── Source records

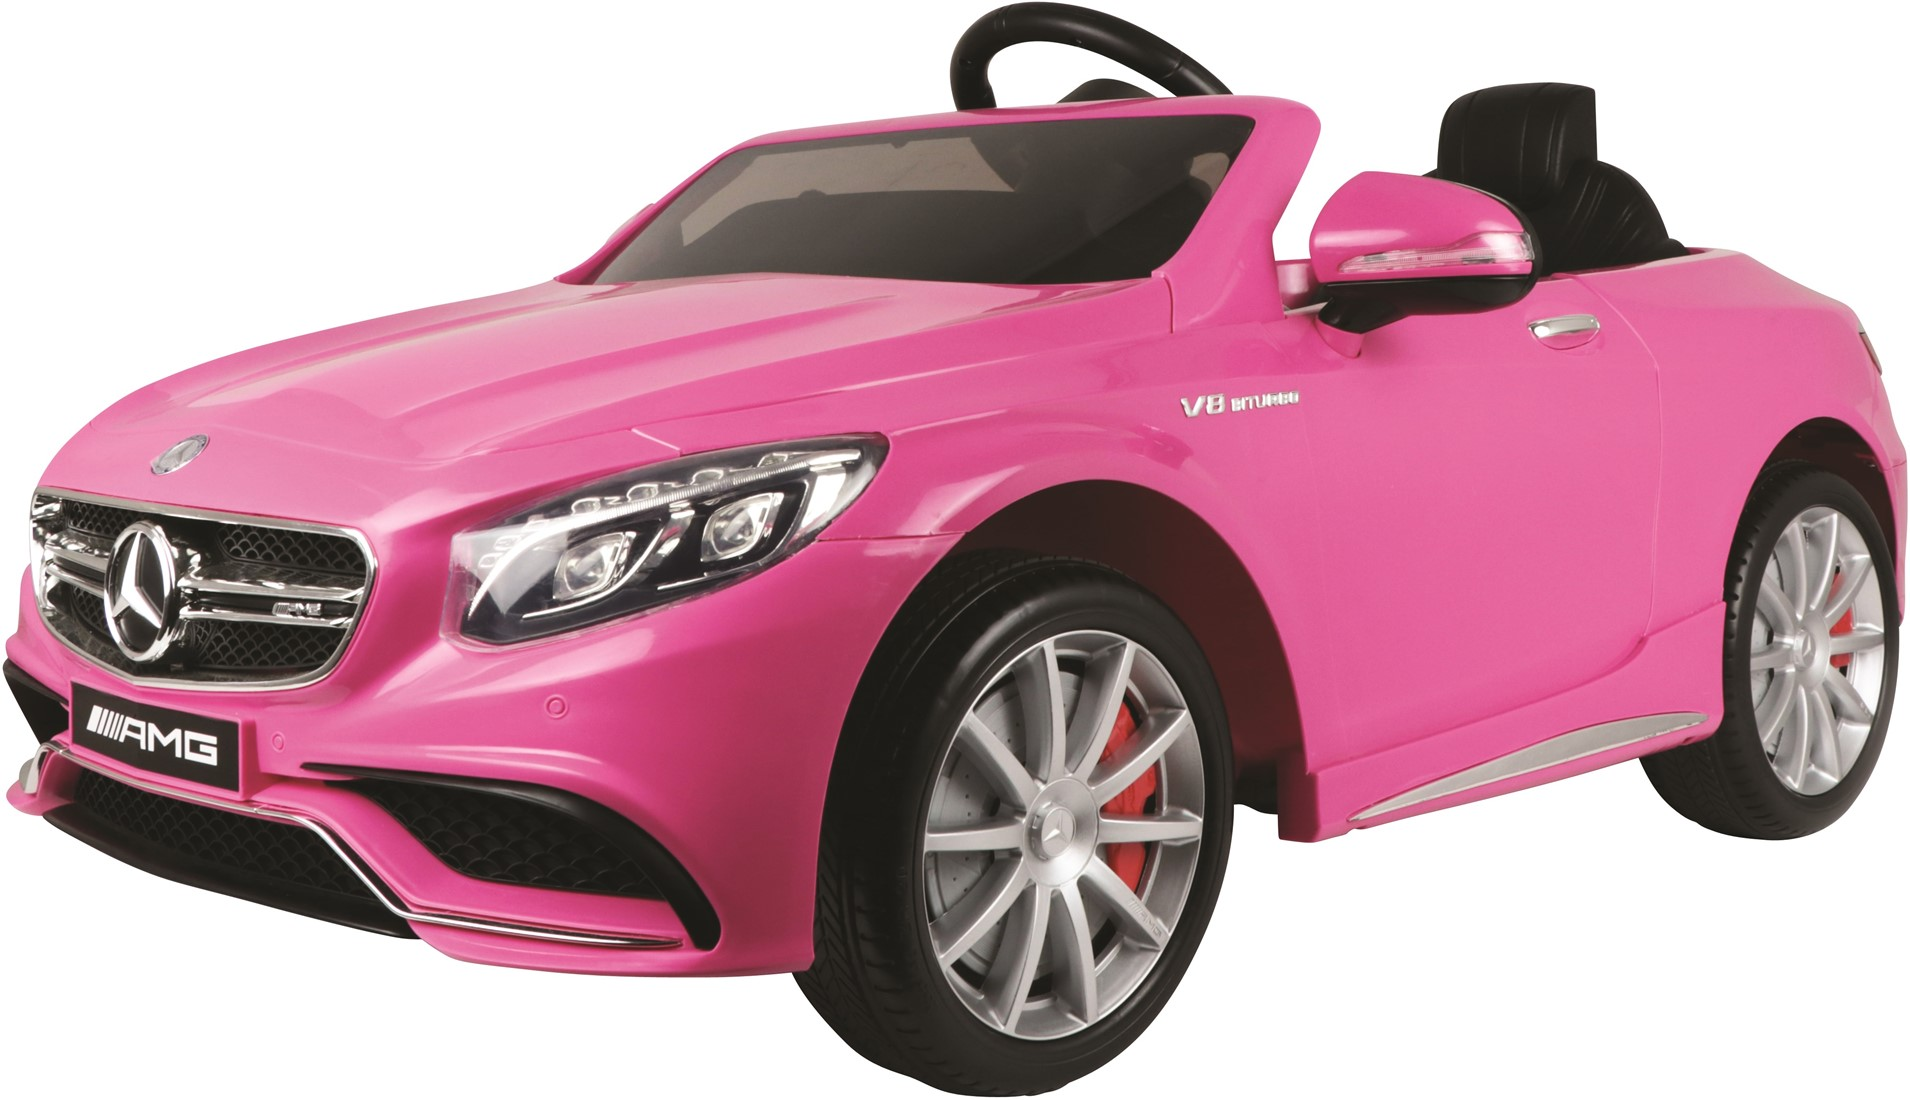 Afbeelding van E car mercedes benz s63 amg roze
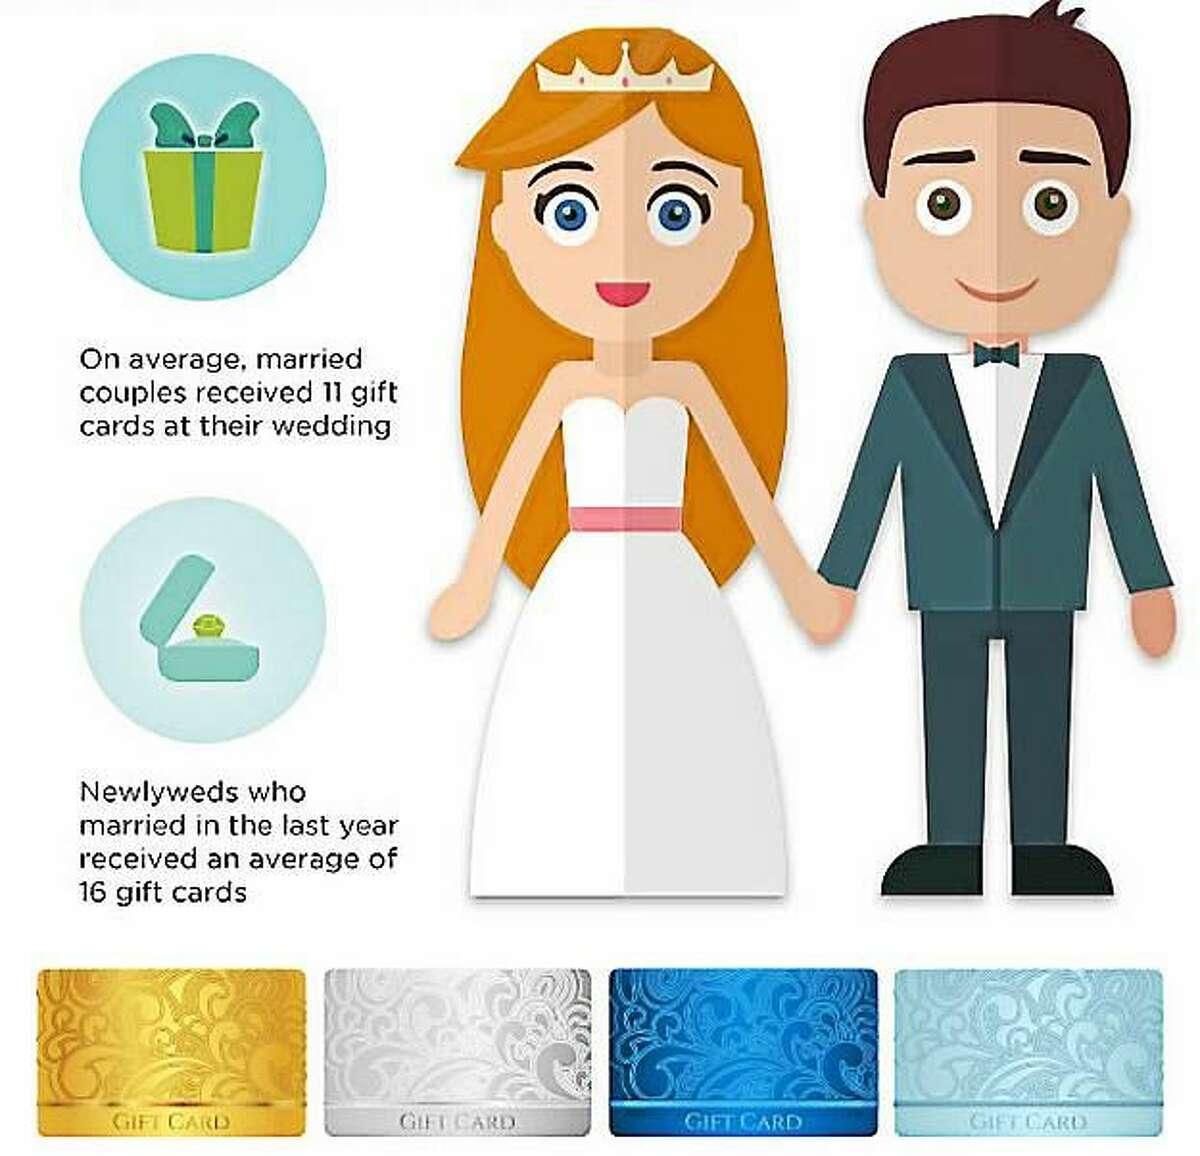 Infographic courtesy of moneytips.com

────
── Source records

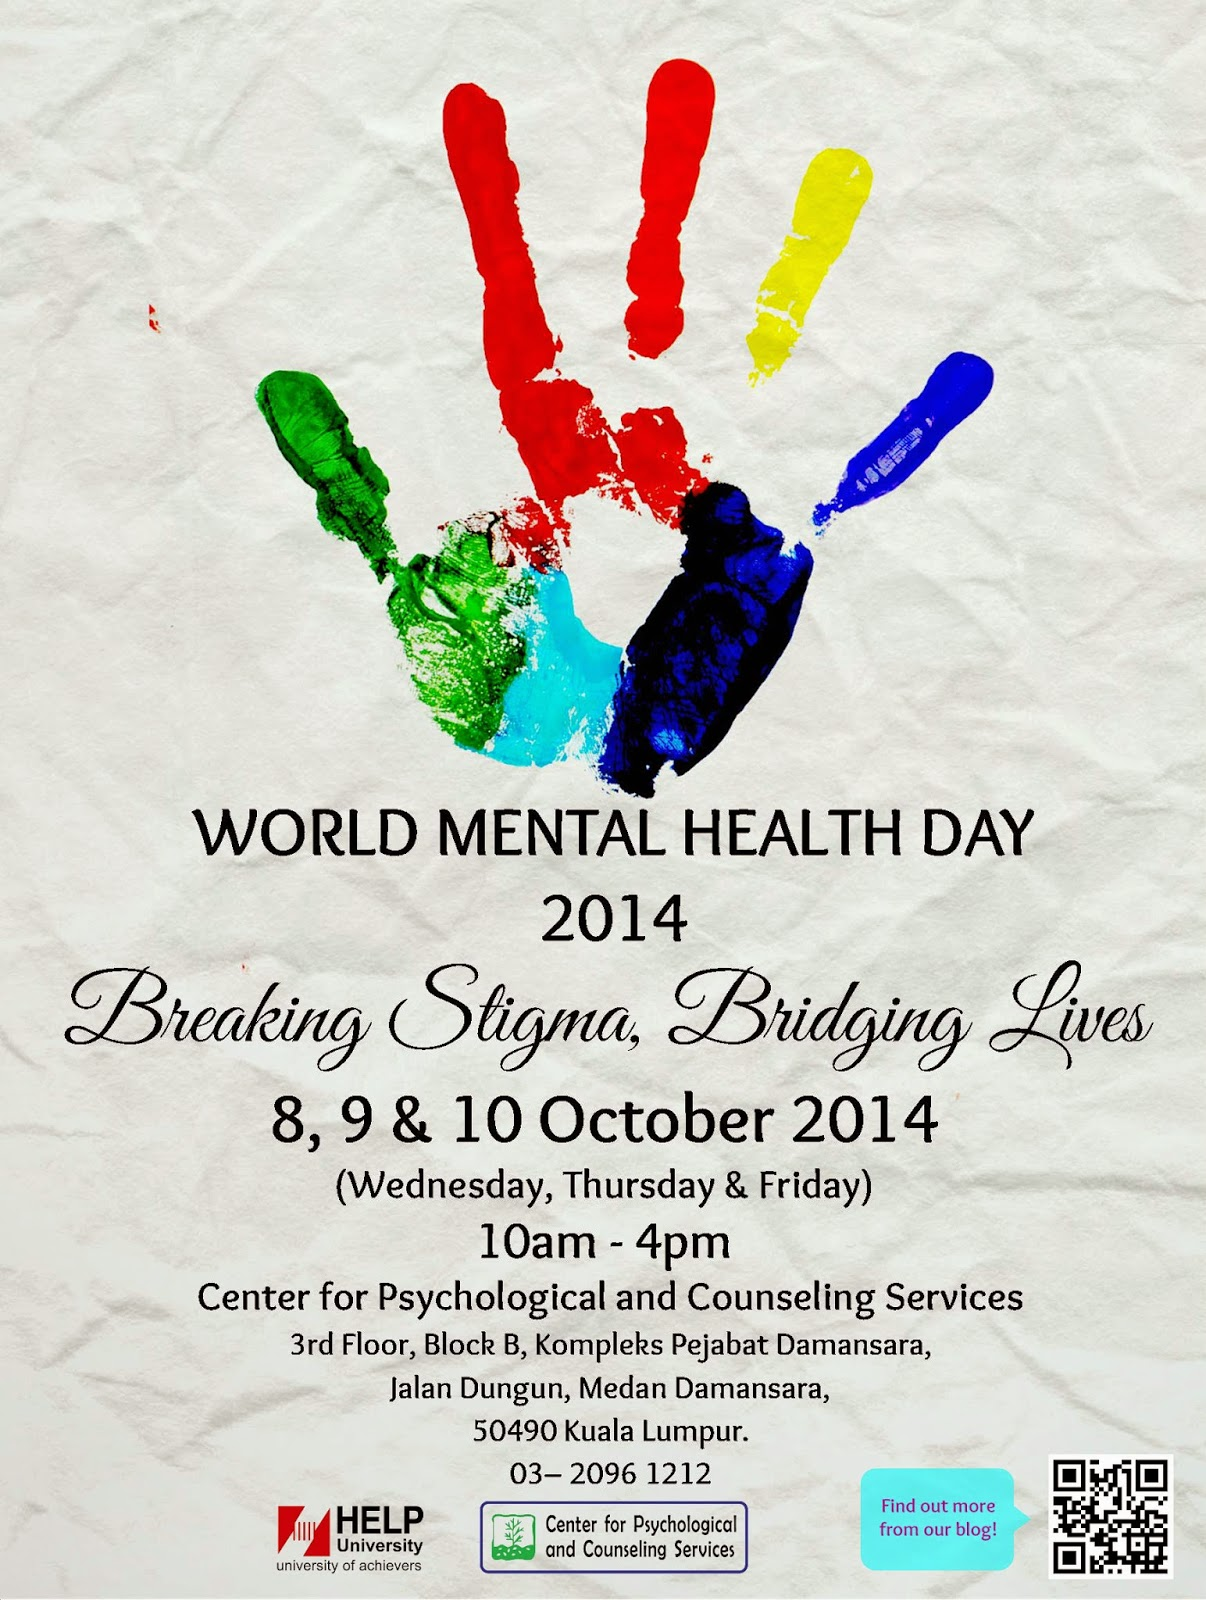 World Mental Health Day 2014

────

§ **Problem to solve**
From the listing above, please give again the lines that begin with the line holding "Afbeelding van E" and go on through the line holding "Infographic courtesy of moneytips.com", exactly, both ends included, minus any picture.

§ **Result**
 Afbeelding van E car mercedes benz s63 amg roze
 Infographic courtesy of moneytips.com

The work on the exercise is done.